● What the task asks: Transcribe exactly the lines below that begin at the line with "Fotografía aérea de" and stop after the line with "Prezzo Nuovo /", leaving out every picture.

● Supplied material:
■ ■ ■
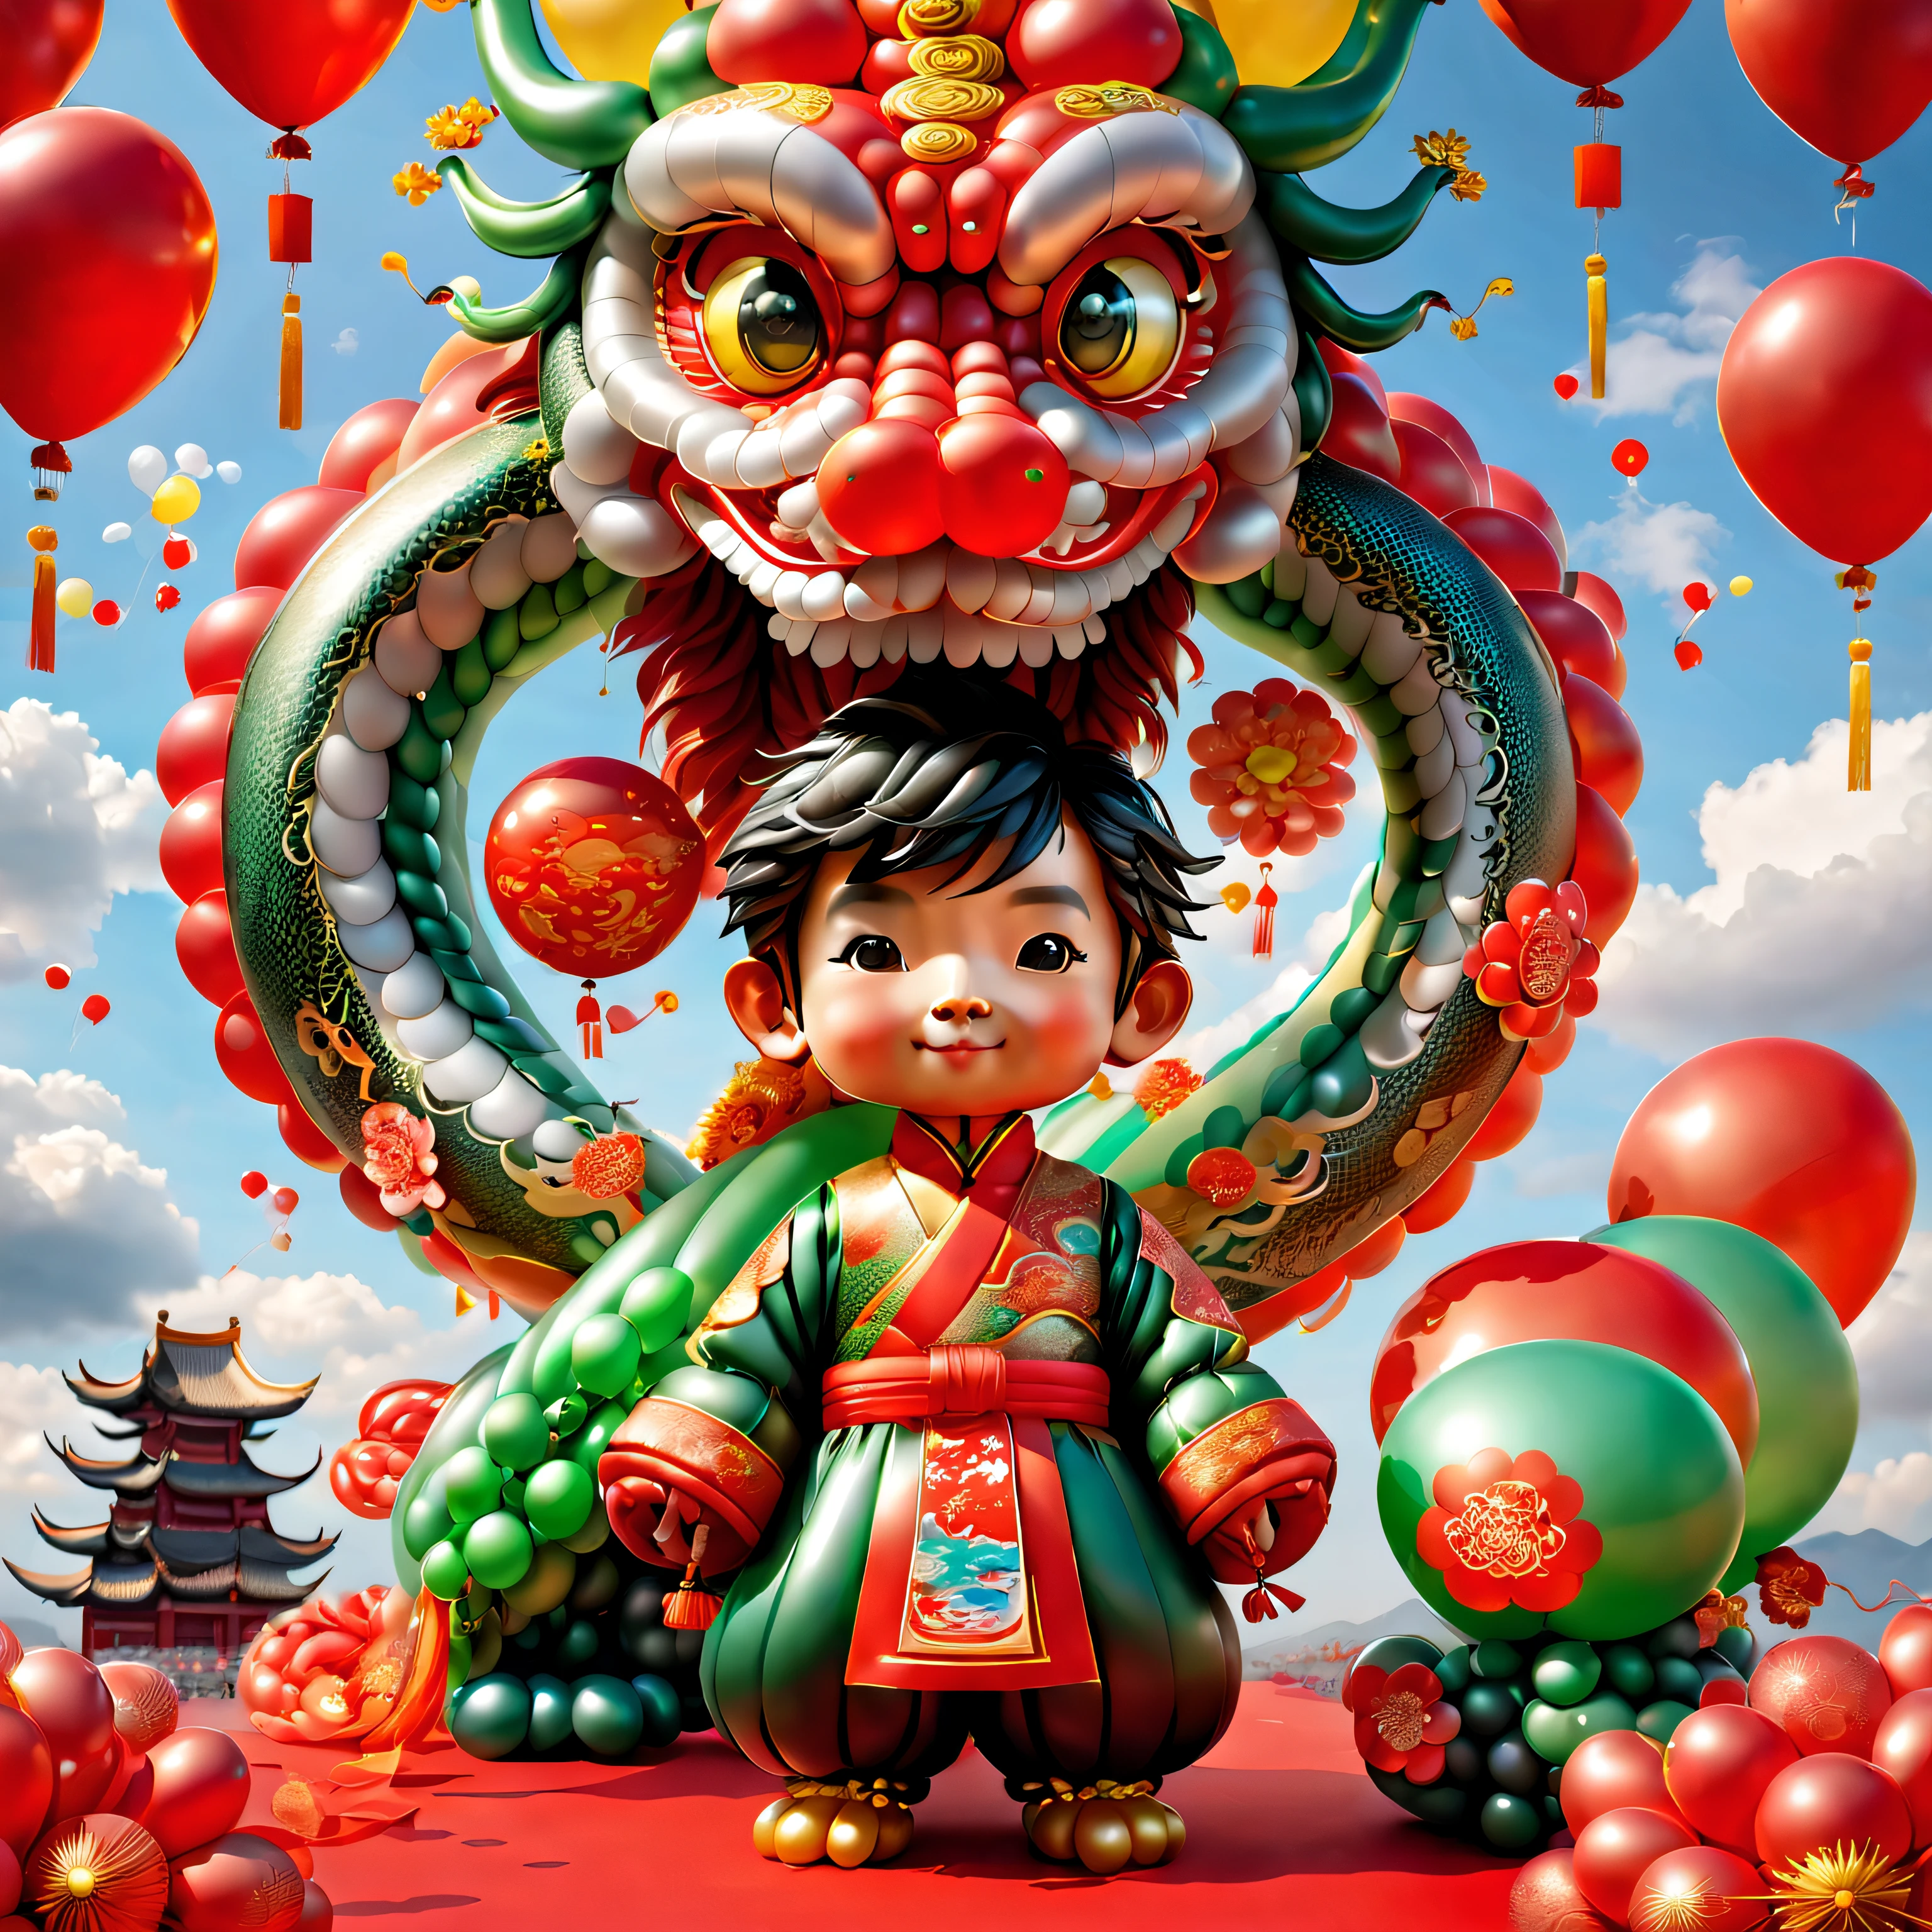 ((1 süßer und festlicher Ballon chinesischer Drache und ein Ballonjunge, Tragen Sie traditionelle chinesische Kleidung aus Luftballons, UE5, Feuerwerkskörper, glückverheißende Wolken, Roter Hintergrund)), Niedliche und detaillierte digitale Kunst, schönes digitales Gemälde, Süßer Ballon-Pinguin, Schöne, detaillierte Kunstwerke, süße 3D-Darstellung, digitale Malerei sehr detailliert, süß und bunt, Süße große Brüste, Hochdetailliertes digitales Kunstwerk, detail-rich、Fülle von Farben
■ ■ ■
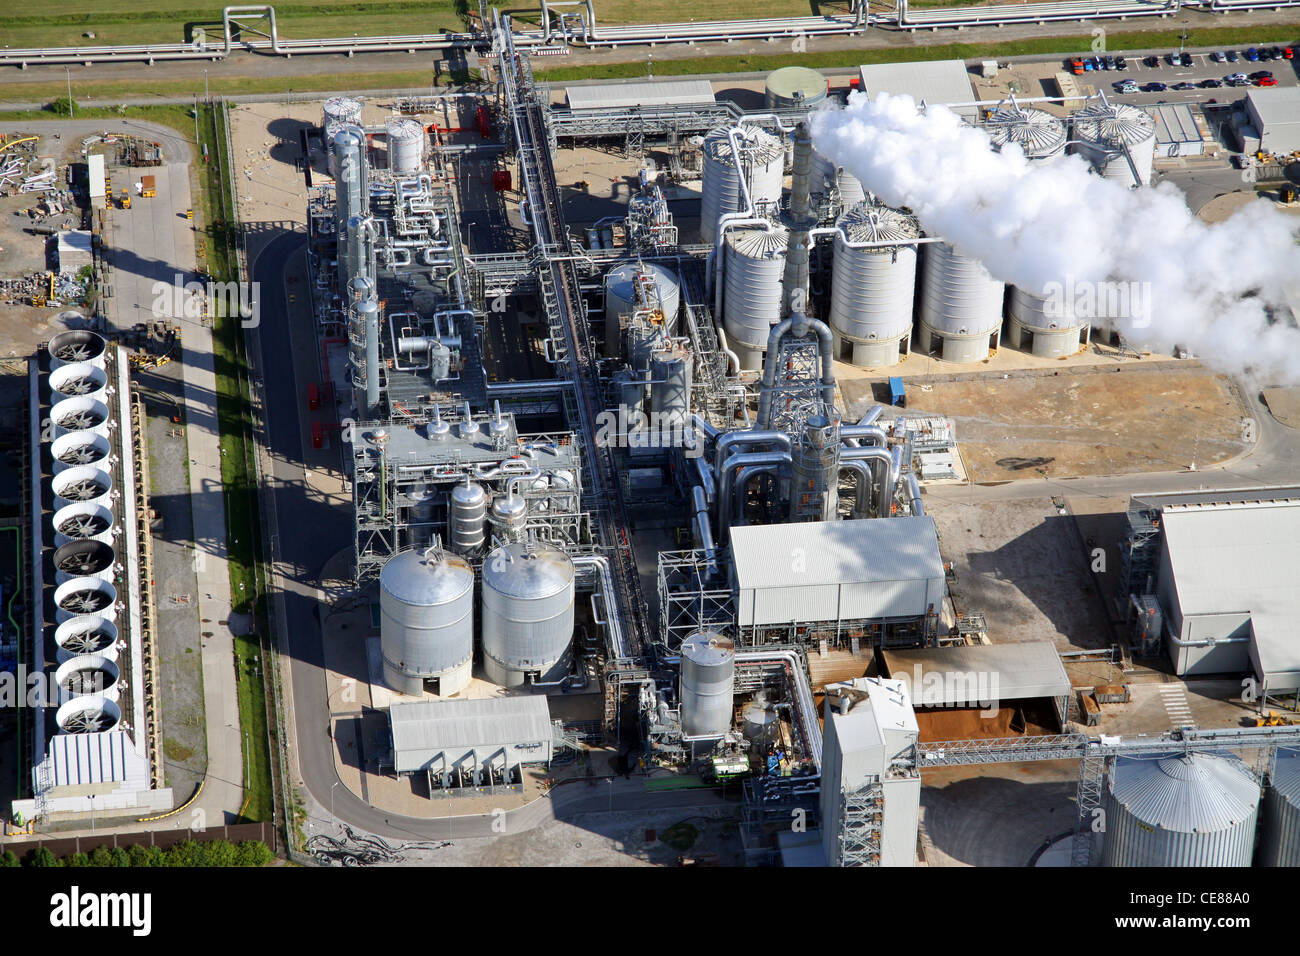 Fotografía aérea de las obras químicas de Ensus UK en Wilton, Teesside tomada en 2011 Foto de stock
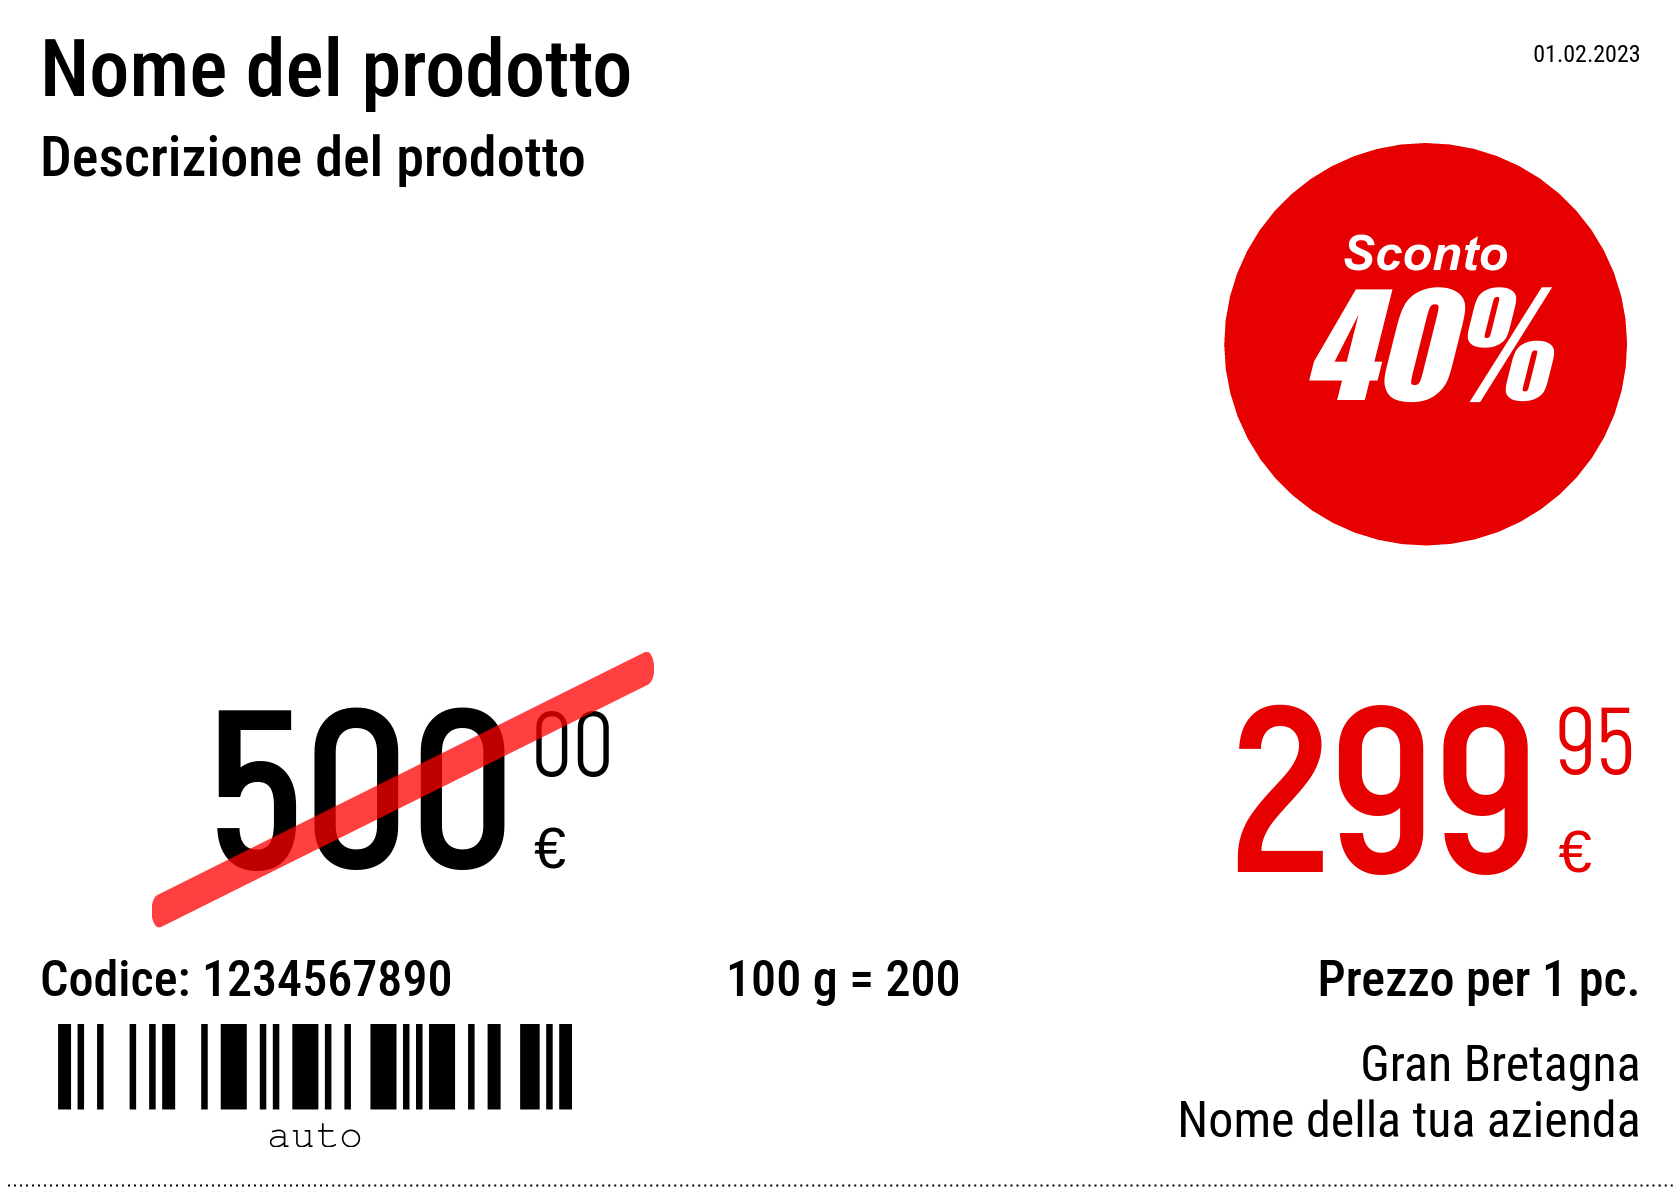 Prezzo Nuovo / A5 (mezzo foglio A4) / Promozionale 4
■ ■ ■
● Task answer:
 Fotografía aérea de las obras químicas de Ensus UK en Wilton, Teesside tomada en 2011 Foto de stock
 Prezzo Nuovo / A5 (mezzo foglio A4) / Promozionale 4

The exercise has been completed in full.